### Assignment:
Wherever a picture sits, omit it. Output the rest of the listing exactly.

### Exercise data:
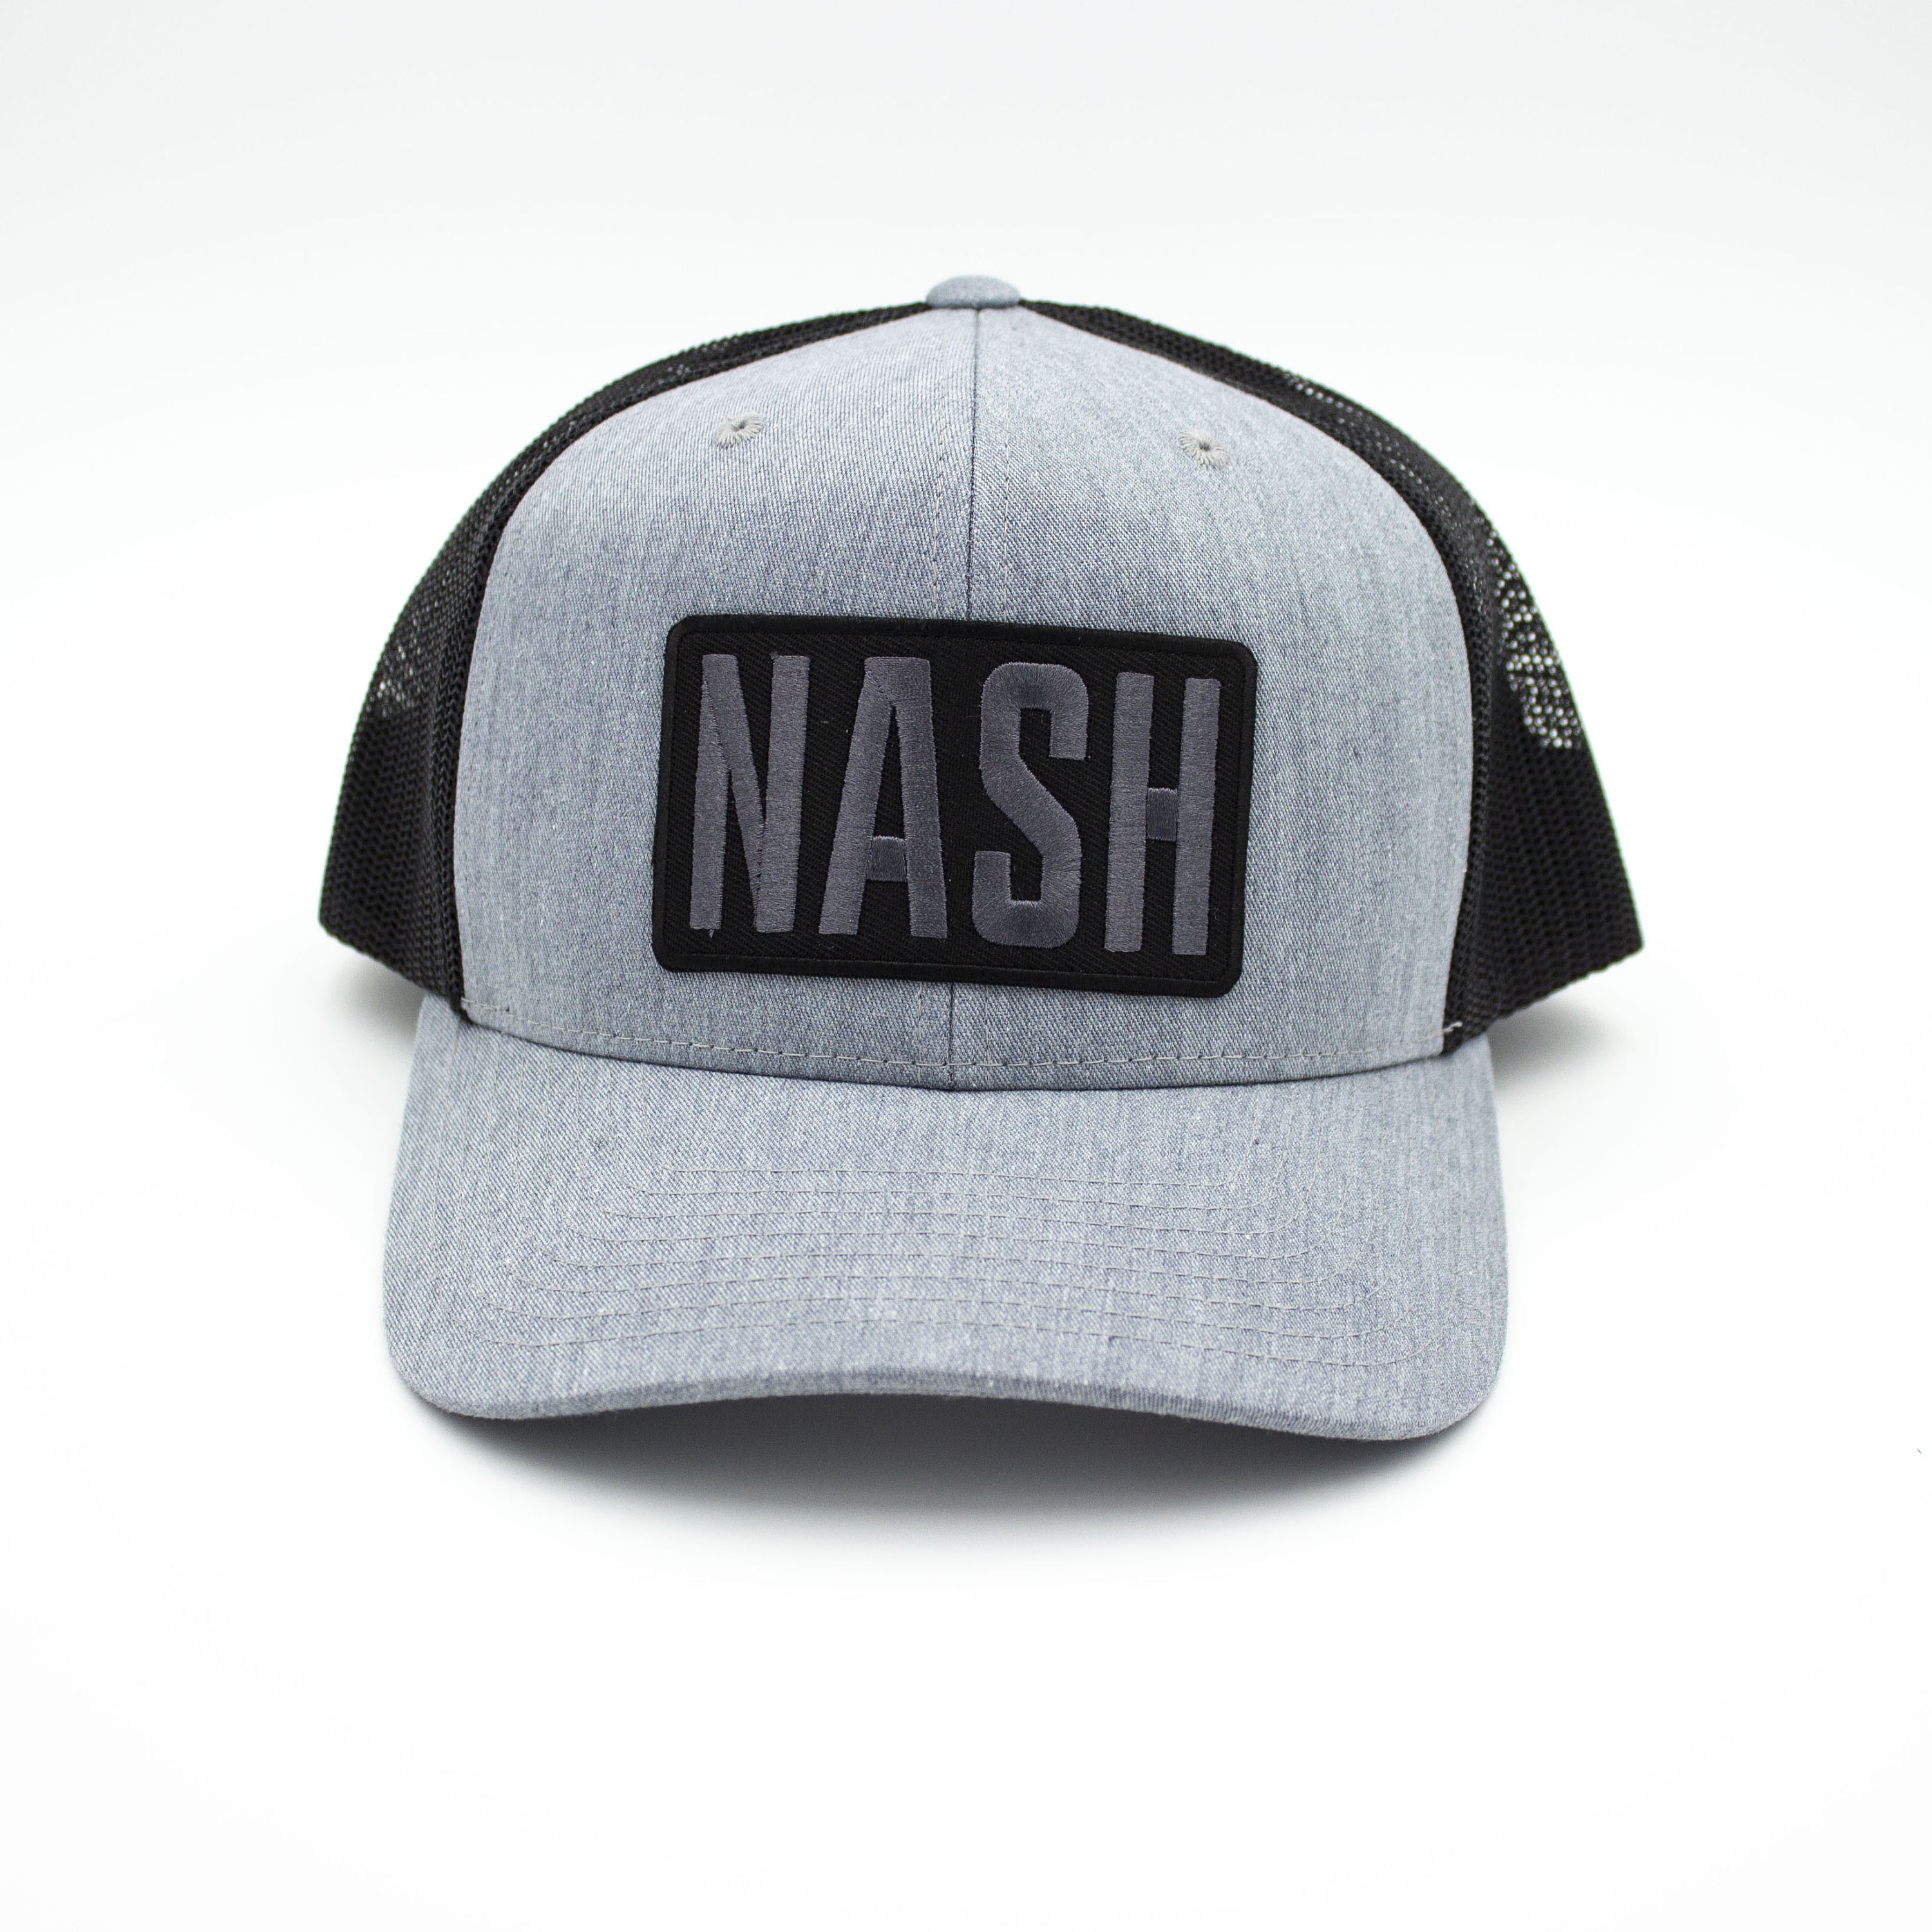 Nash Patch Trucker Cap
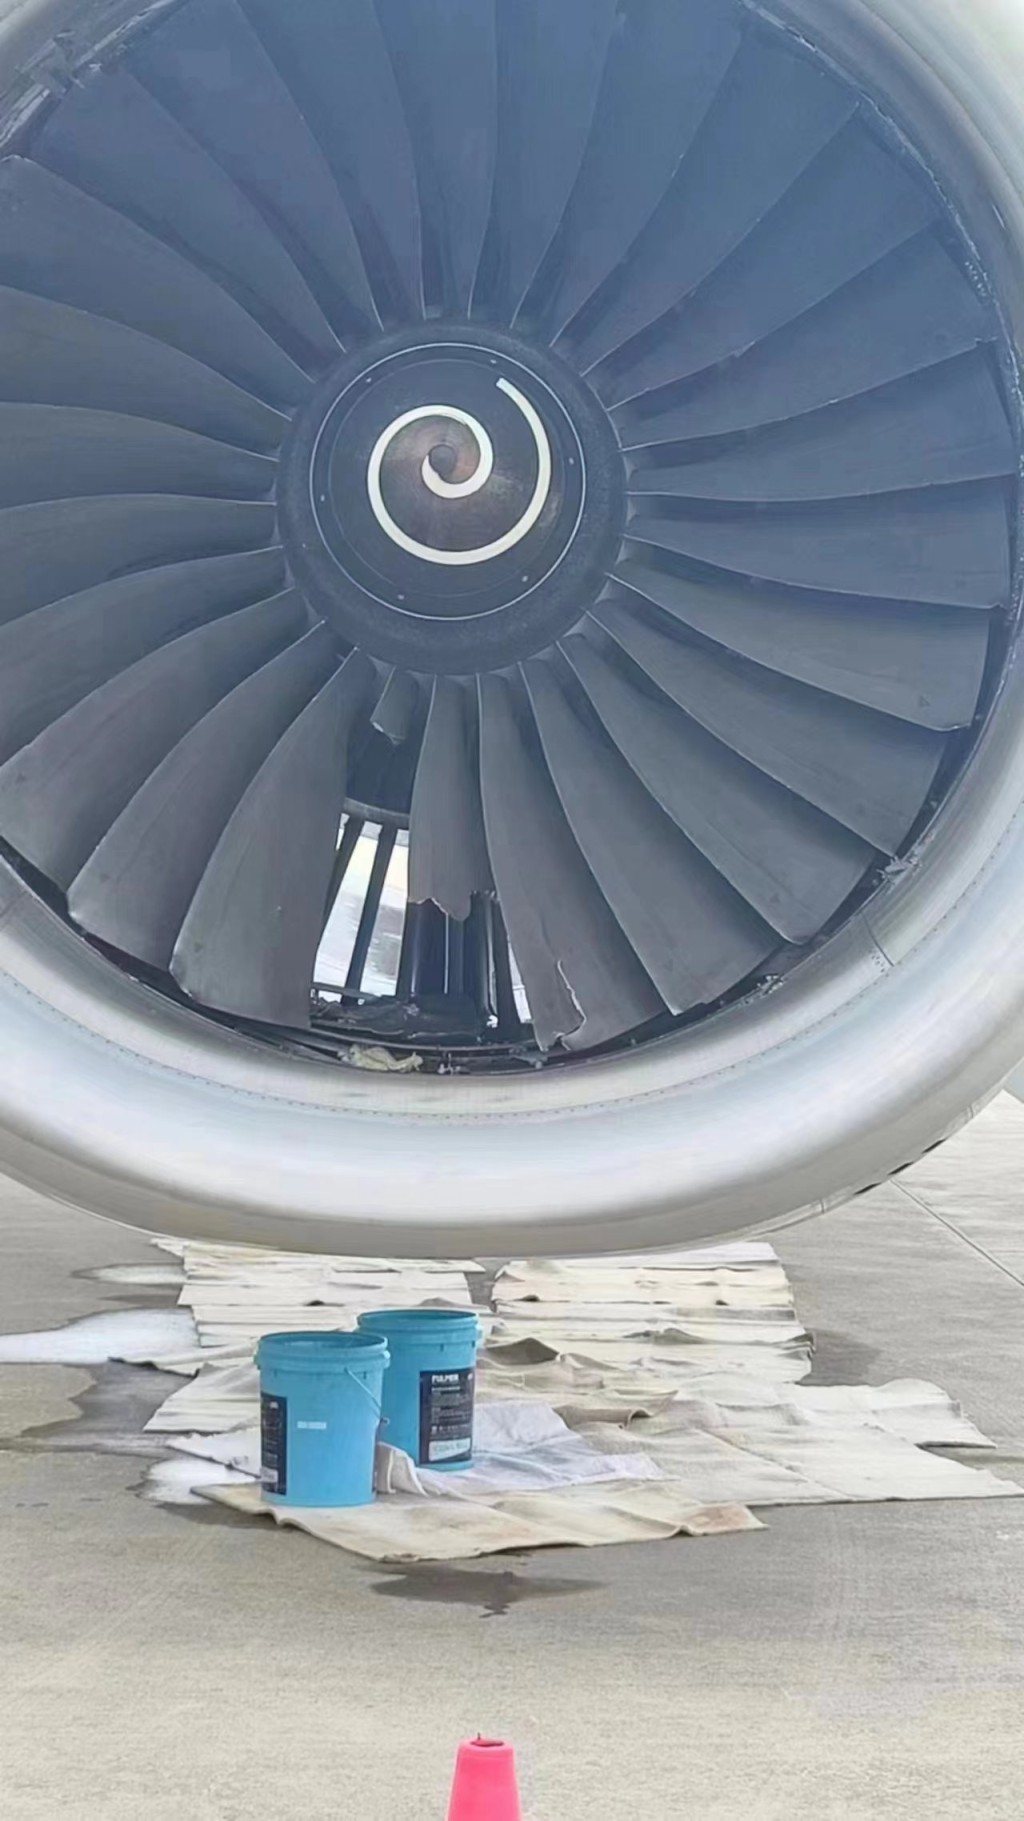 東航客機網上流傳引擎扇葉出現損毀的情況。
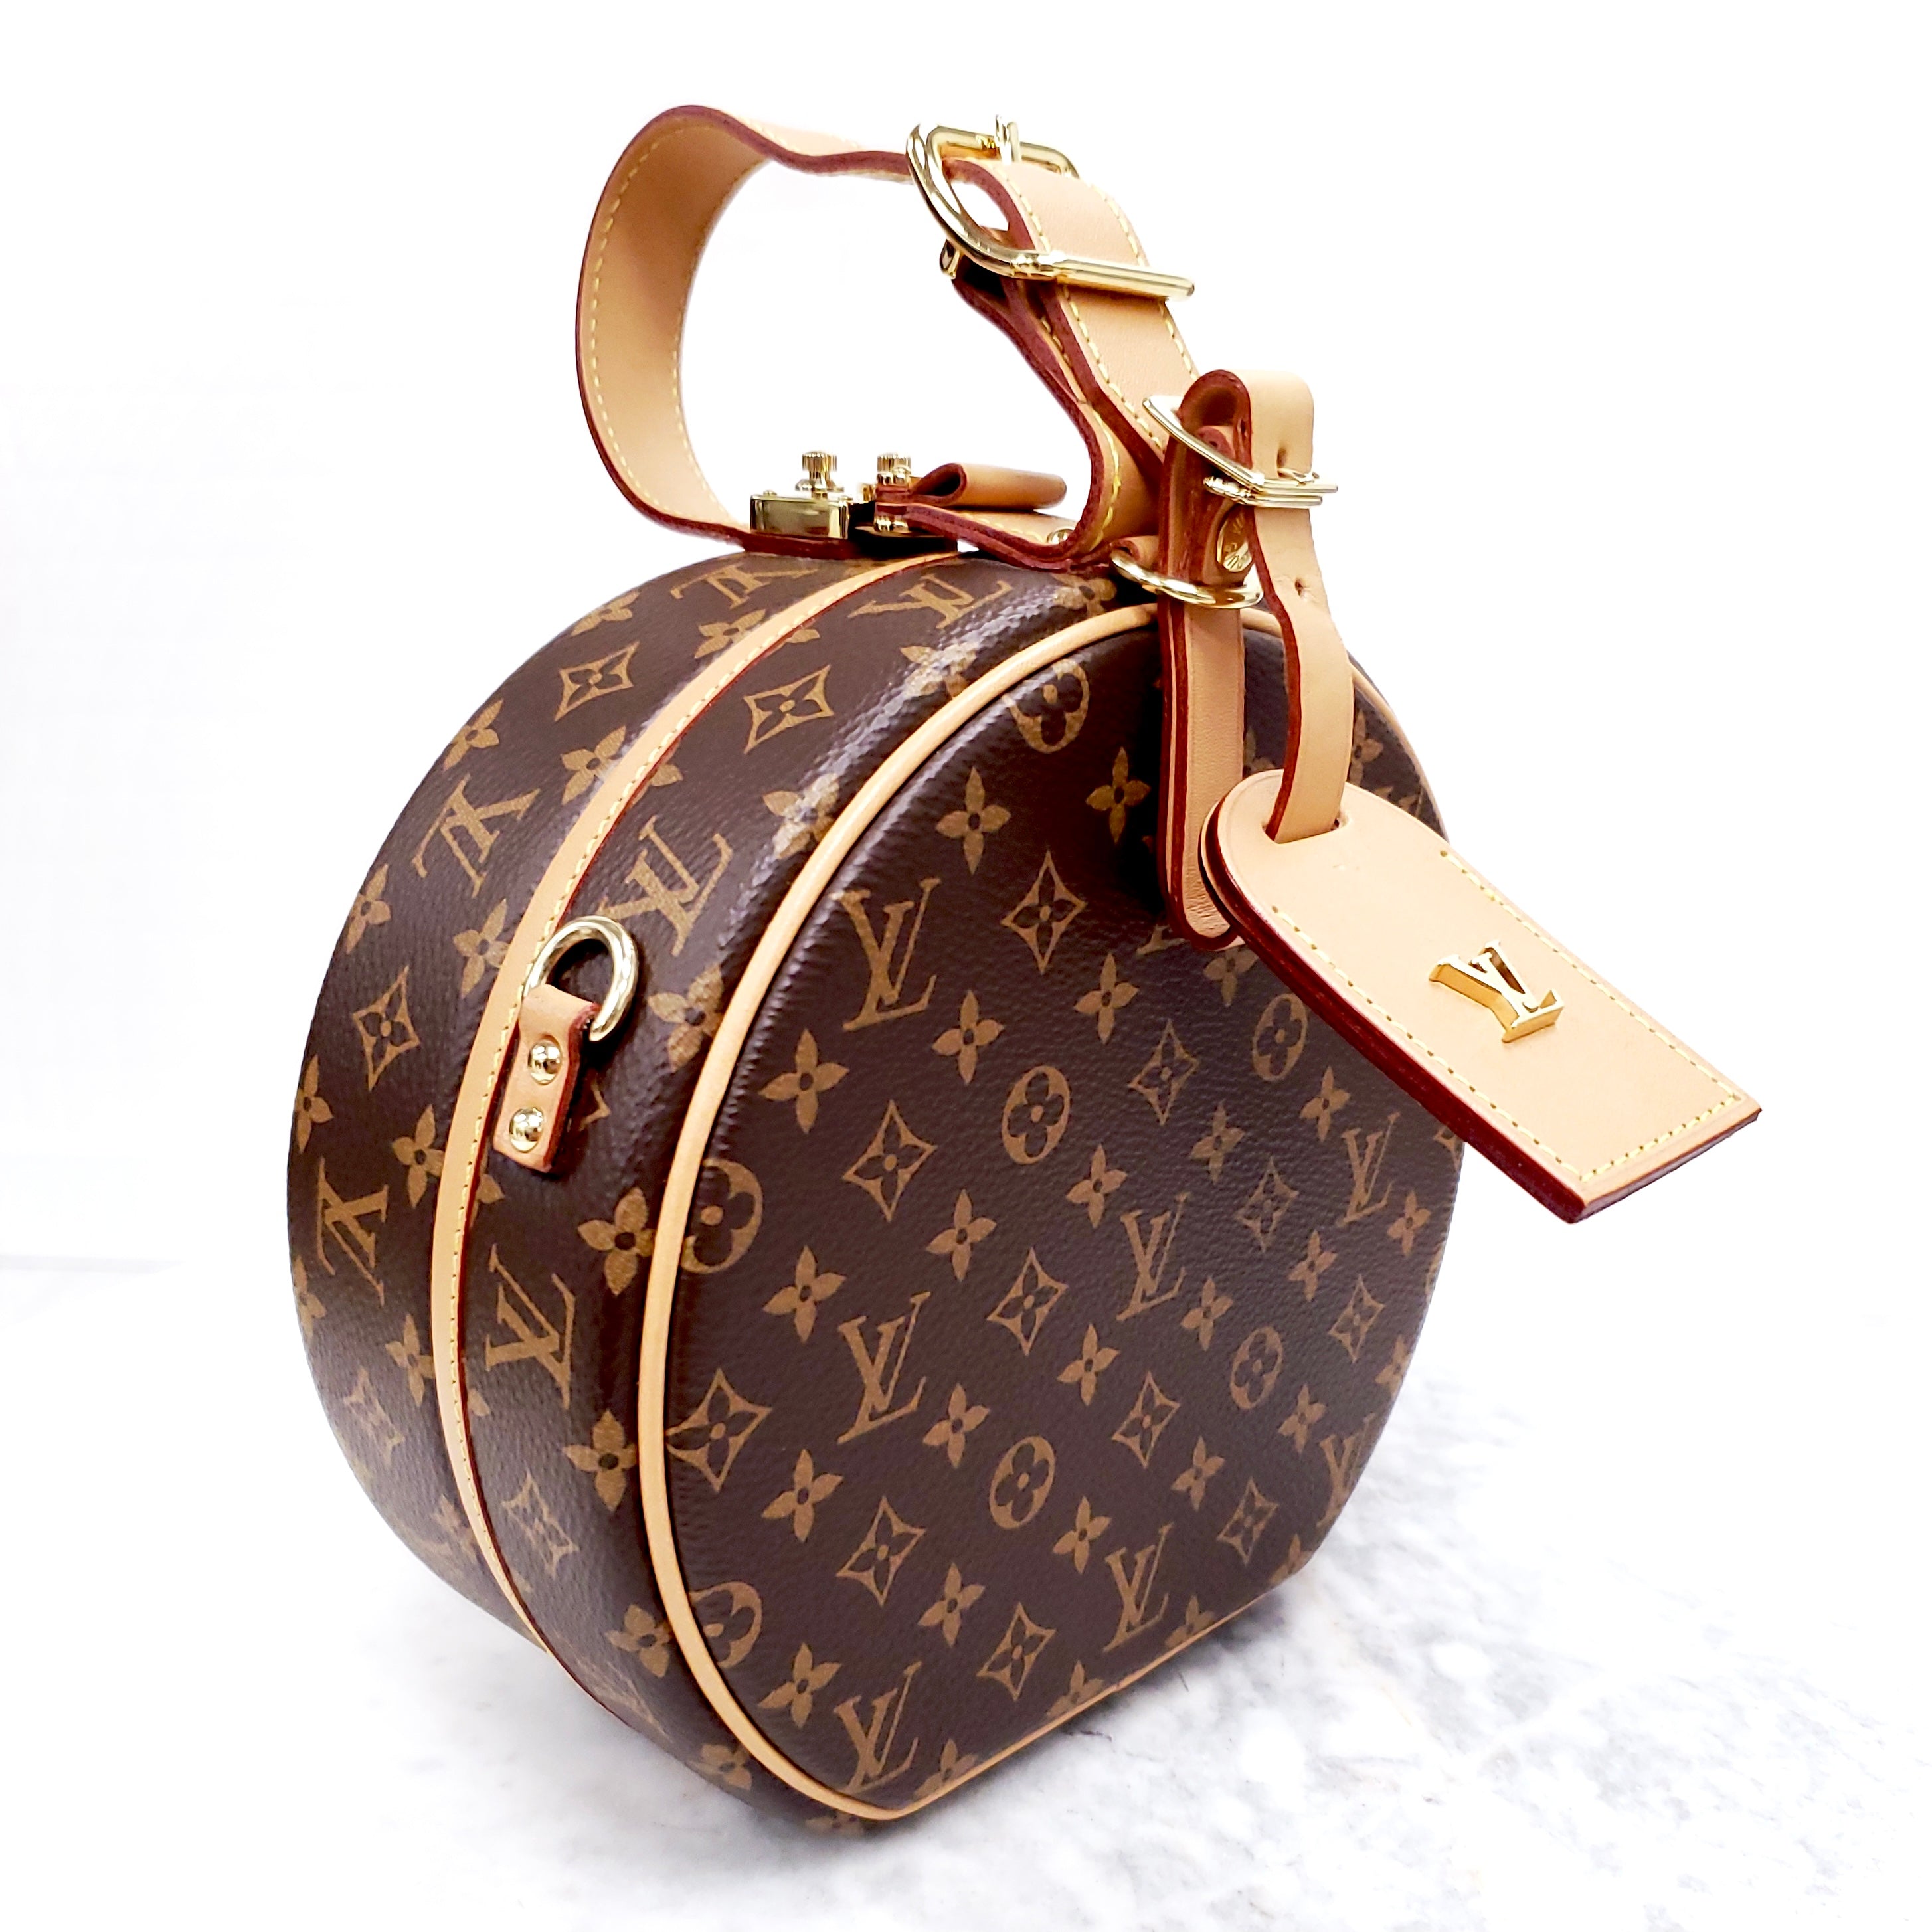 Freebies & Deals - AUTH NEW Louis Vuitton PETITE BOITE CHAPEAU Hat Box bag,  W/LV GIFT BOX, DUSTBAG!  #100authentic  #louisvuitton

### Your response:
 Nash Patch Trucker Cap
 東航客機網上流傳引擎扇葉出現損毀的情況。
 Freebies & Deals - AUTH NEW Louis Vuitton PETITE BOITE CHAPEAU Hat Box bag,  W/LV GIFT BOX, DUSTBAG!  #100authentic  #louisvuitton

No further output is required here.